L’attaque d’un camp de dépla­cés et les affrontements signalés cette semaine dans deux provin­ces de l’Est prouvent à suffisance que les groupes écoutent difficilement le langage des négocia­tions. Seules les mesures plus contraignantes à l’endroit des res­ponsables qui commettent ces crimes, tel que préconisé par le Conseil de sécurité, peuvent arrêter les ambitions de tous les mili­ciens actifs en RDC.

Alan Doss : “ Nous ne pouvons pas permettre aux groupes armés de faire la loi… ”

Au cours de son point de presse, le porte-parole de la Monuc, Ke­mal Saïki est revenu sur la dé­claration de M. Alan Doss à la réu­nion du Comité de suivi du com­muniqué de Nairobi qui s’est te­nue le 4 juin à Rubavu, ex-Gisenyi au Rwanda.

Le représentant spécial du secrétaire général de l’Onu en RDC et chef de la Monuc, Alan Doss a notamment dit : “ Nous ne pouvons pas permettre que les groupes armés fassent la loi. Nous ne voulons pas entrer dans un nouveau cycle de violence, mais les éléments récalcitrants, intransigeants doivent se rendre compte qu’ils ne peuvent plus continuer à terroriser la population congolaise ”.

Il évoquait ainsi la récente rencontre de Kisangani, à la­quelle le gouvernement congolais avait convié les leaders FDLR et des factions dissidents à dis­cuter des modalités de leur dé­sarmement et de leur retour dans leur pays d’origine, le Rwanda. M. Doss a estimé, selon le porte-parole de la Monuc, qu’un im­portant pas en avant avait été fait car plusieurs centaines de com­battants ont accepté de s’enga­ger dans le processus de démo­bilisation. Il a toutefois rappelé que le plan d’action de Nairobi à des dispositions militaires.

Le chef de la Monuc a également réitéré que le commu­niqué de Nairobi était applicable à tous les combattants FDLR ou des factions dissidentes en RDC, quelles que soient leurs allégean­ces.

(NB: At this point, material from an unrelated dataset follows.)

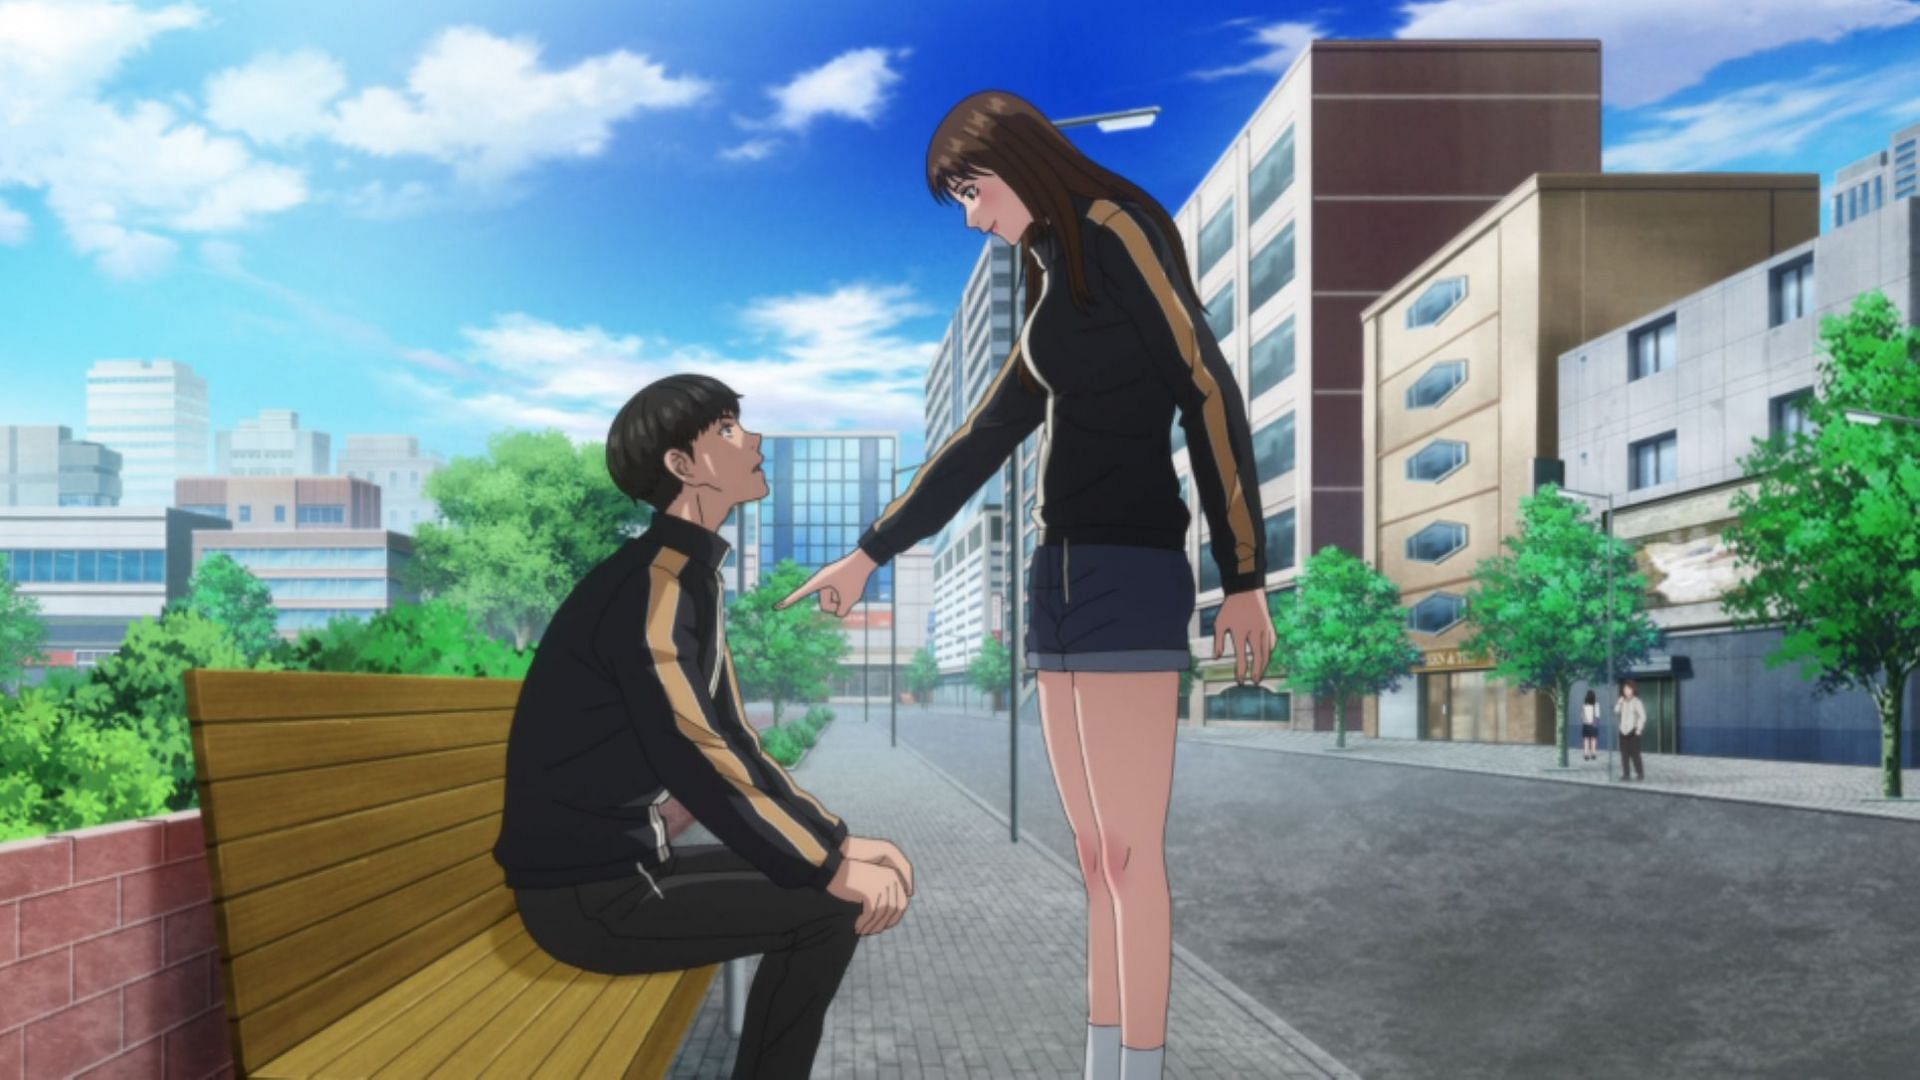 Hobin and Bomi dating in Viral Hit episode 3 (Image via Okuruto Noboru)

Pour le porte-parole de la Monuc, Kemal Saïki, le message du gouvernement à ce sujet est clair et constant : les FDLR doi­vent rentrer ou, s’ils sont éligi­bles, bénéficier d’une relocalisation temporaire car, il n’est pas acceptable que les populations congolais soient pri­ses en otage pour des motifs politiques.

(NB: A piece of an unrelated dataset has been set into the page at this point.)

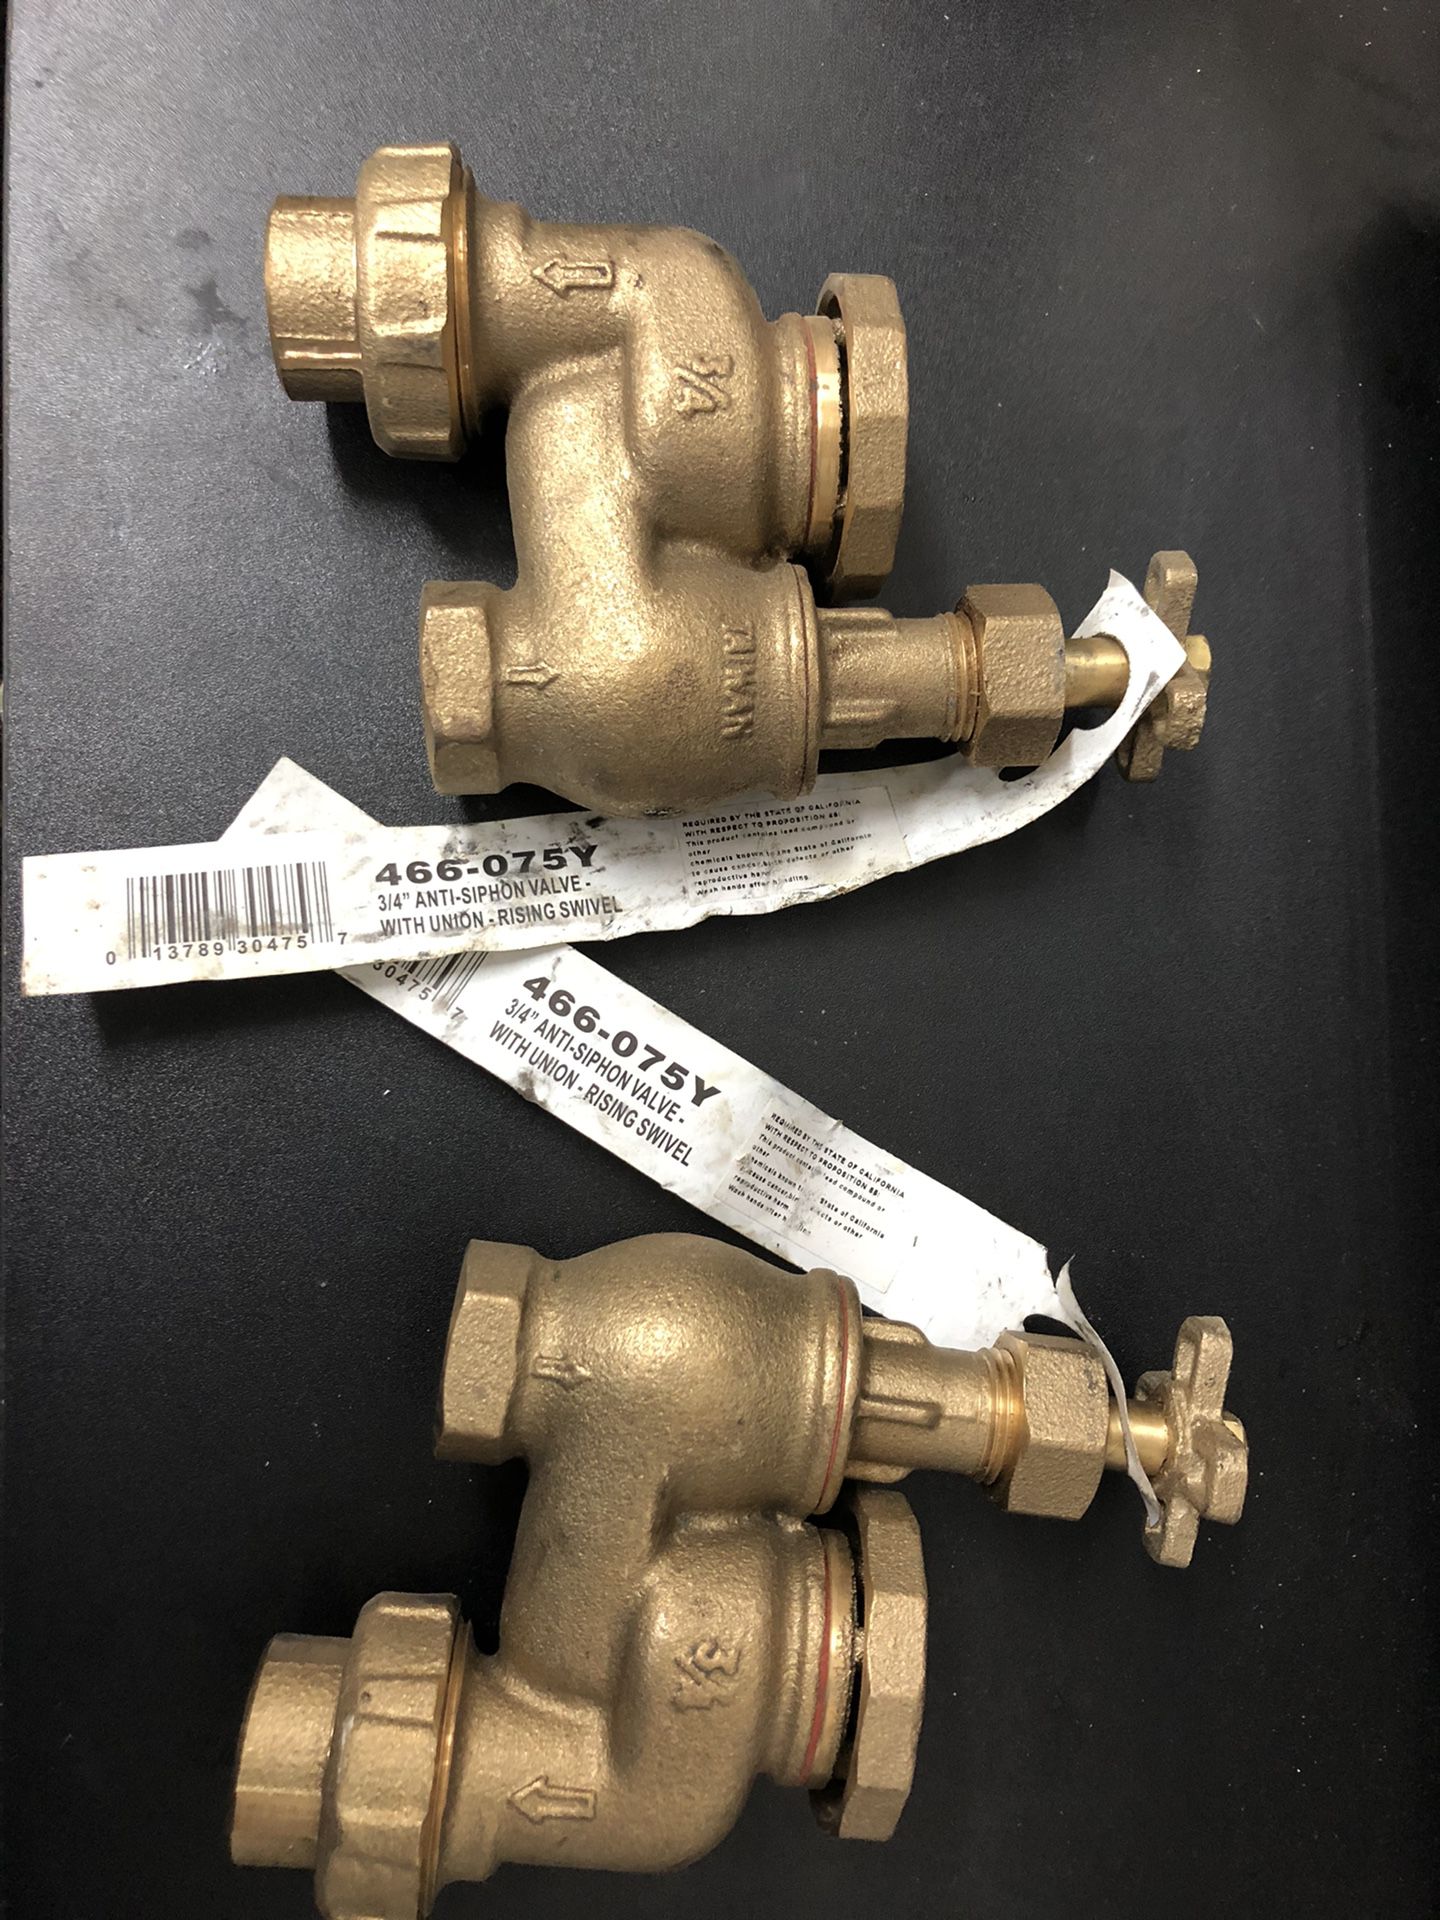 Sprinkler 3/4” valves

A rappeler que le repré­sentant spécial du secrétaire gé­néral de l’Onu et chef de la Monuc, M. Alan Doss, a participé le mercredi 4 juin dernier à Rubavu ex-Gisenyi, au Rwanda, à la quatrième réunion, au niveau des envoyés spéciaux, du Groupe de suivi du communiqué de Nai­robi ou Joint Monitoring Group (JMG), composé de représen­tants des gouvernements de la RDC, du Rwanda et de la facilitation internationale, à savoir l’Onu, les USA, l’Union euro­péenne, l’Union africaine, l’Afri­que du Sud et les délégués de la Conférence internationale sur la région des Grands lacs.